Our lead Detective decided to ask the public for help by stating all of the facts that we had in the local newspaper, along with a picture in black and white of the blanket the baby was wrapped in. The blanket had an unusual pattern to it. A lady ID'd the child as perhaps belonging to a woman that she was friends with. She said that she was pregnant and when it came time to give birth she disappeared for a few months. The next time she saw her, she had delivered, but no baby around. She asked where the baby was and she said the baby died at birth, but did not seem to be distraught. The lady recognized the blanket as "looking like" a blanket she saw at her house because of the unusual pattern.

Later, blood tests were positive to be a match for the father of her child and she finally confessed. A blood test alone was not going to get an indictment to arrest her. The confession sealed the deal. It was a sad day in the barracks. Very quiet, that's for sure.
 
Another reason to remember why abortion needs to be legal and safe. At our age it should be a no-brainer. If you're too old for an unwanted pregnancy at least keep it open to future generations. We don't have to go back to the age of the coat hanger. Safe Haven is a help but still not enough. Before Roe v. Wade and Safe Haven there were so many deaths of women and babies, because there was no choice.
 
Another reason to remember why abortion needs to be legal and safe. At our age it should be a no-brainer. If you're too old for an unwanted pregnancy at least keep it open to future generations. We don't have to go back to the age of the coat hanger. Safe Haven is a help but still not enough. Before Roe v. Wade and Safe Haven there were so many deaths of women and babies, because there was no choice.

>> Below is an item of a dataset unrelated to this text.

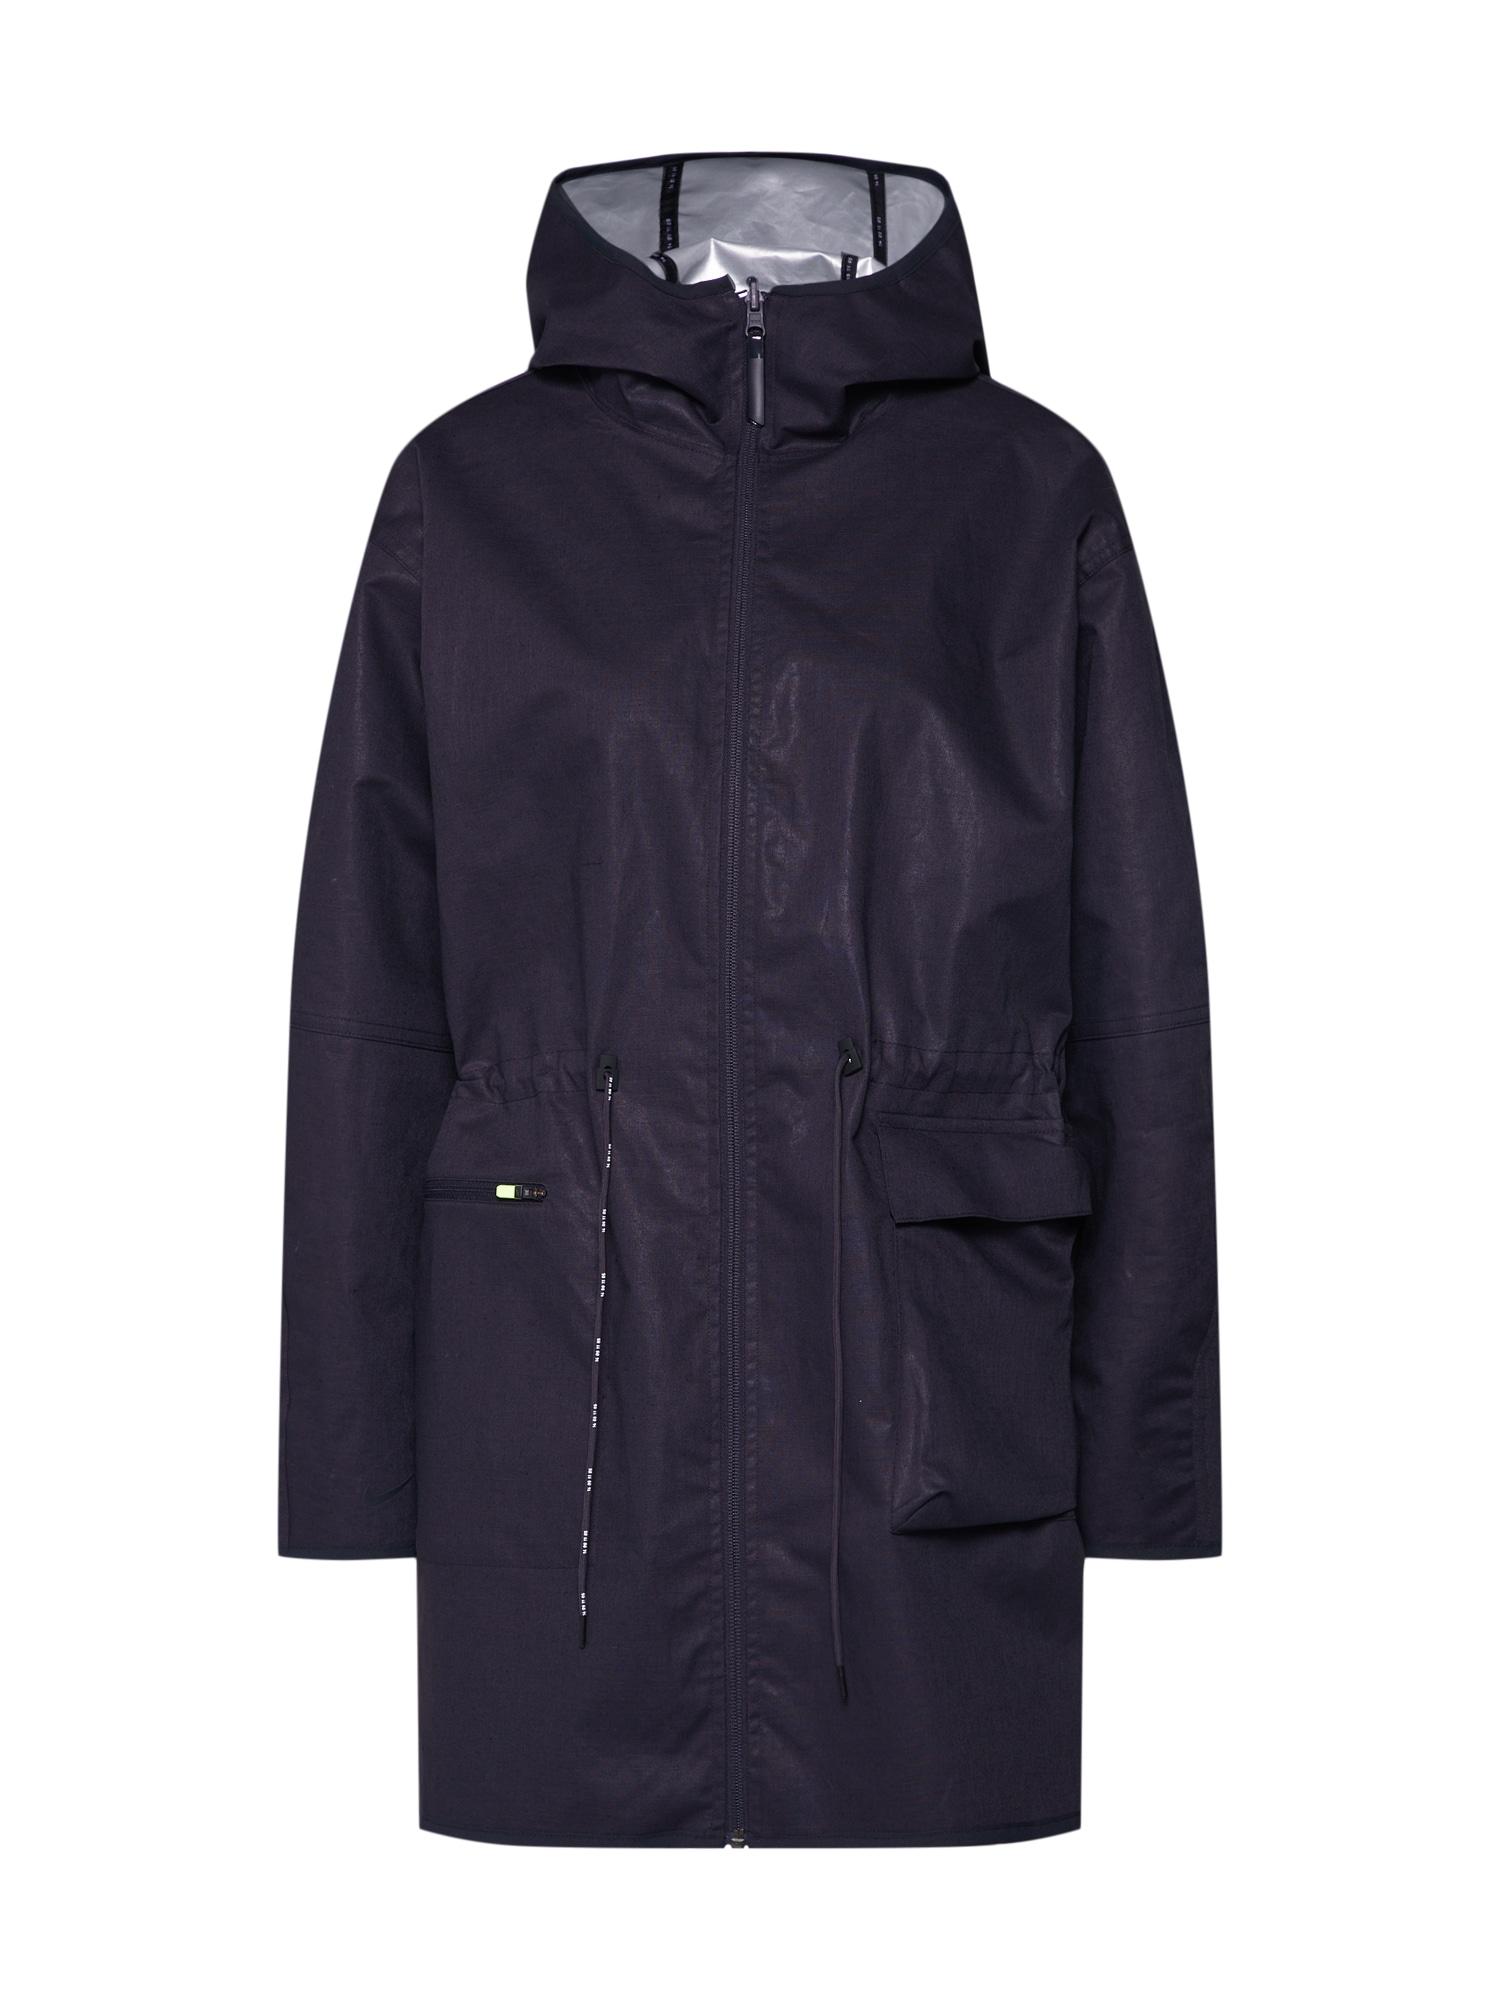 Přechodný kabát TCH PCK černá stříbrná Nike Sportswear

fureverywhere, you seem to be very defensive as if people are judging you for some reason. I certainly am not. It takes courage to decide to have an abortion and even more courage to decide not to have one when you know that the baby will have severe problems and require care and attention long after other children have become independent. Downs syndrome is not the only condition where this decision is faced. Cystic fibrosis and muscular dystrophy are heart breaking genetic conditions that can now be tested for where there is a family history but the choices are not easy.

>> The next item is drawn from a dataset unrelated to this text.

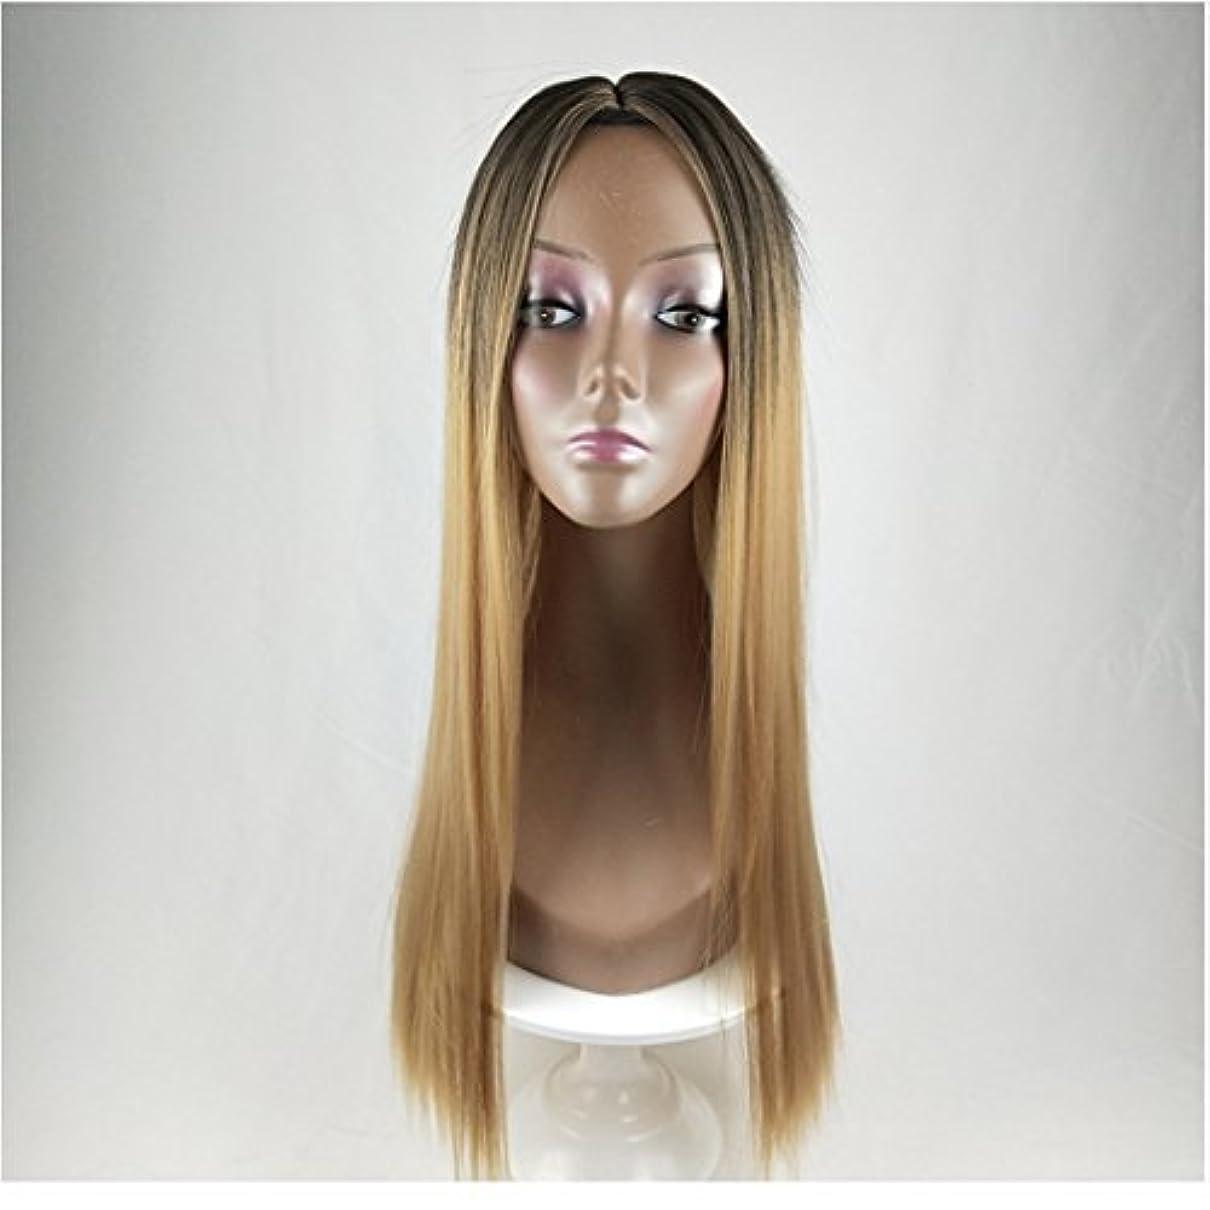 拡声器反発傷つけるJIANFU 合成 長い ストレート ヘア カラー グラデーション フル ウィッグ女性 ロングバンズ 耐熱 コスプレ/パーティー (Color : Black Gradient Linen Yellow)

We have a young relative with osteogenesis imperfecta and her life has not been easy but it has been a life worth living. One of my grand daughters has triple X syndrome and when it comes time for her to start a family she will need genetic counselling and possibly IVF treatment to select an embryo that is unaffected. Even then she will continue to need the help of her mother and grandmother to raise a child who could be much brighter than she is. As long as I am alive I will be there for her.

Parents who devote themselves to their handicapped adult children carry a huge burden and I do not judge any who decide to terminate a pregnancy when faced with such a future. Safe, legal terminations must be available and no-one should pass judgement on those women/couples who decide that they need one.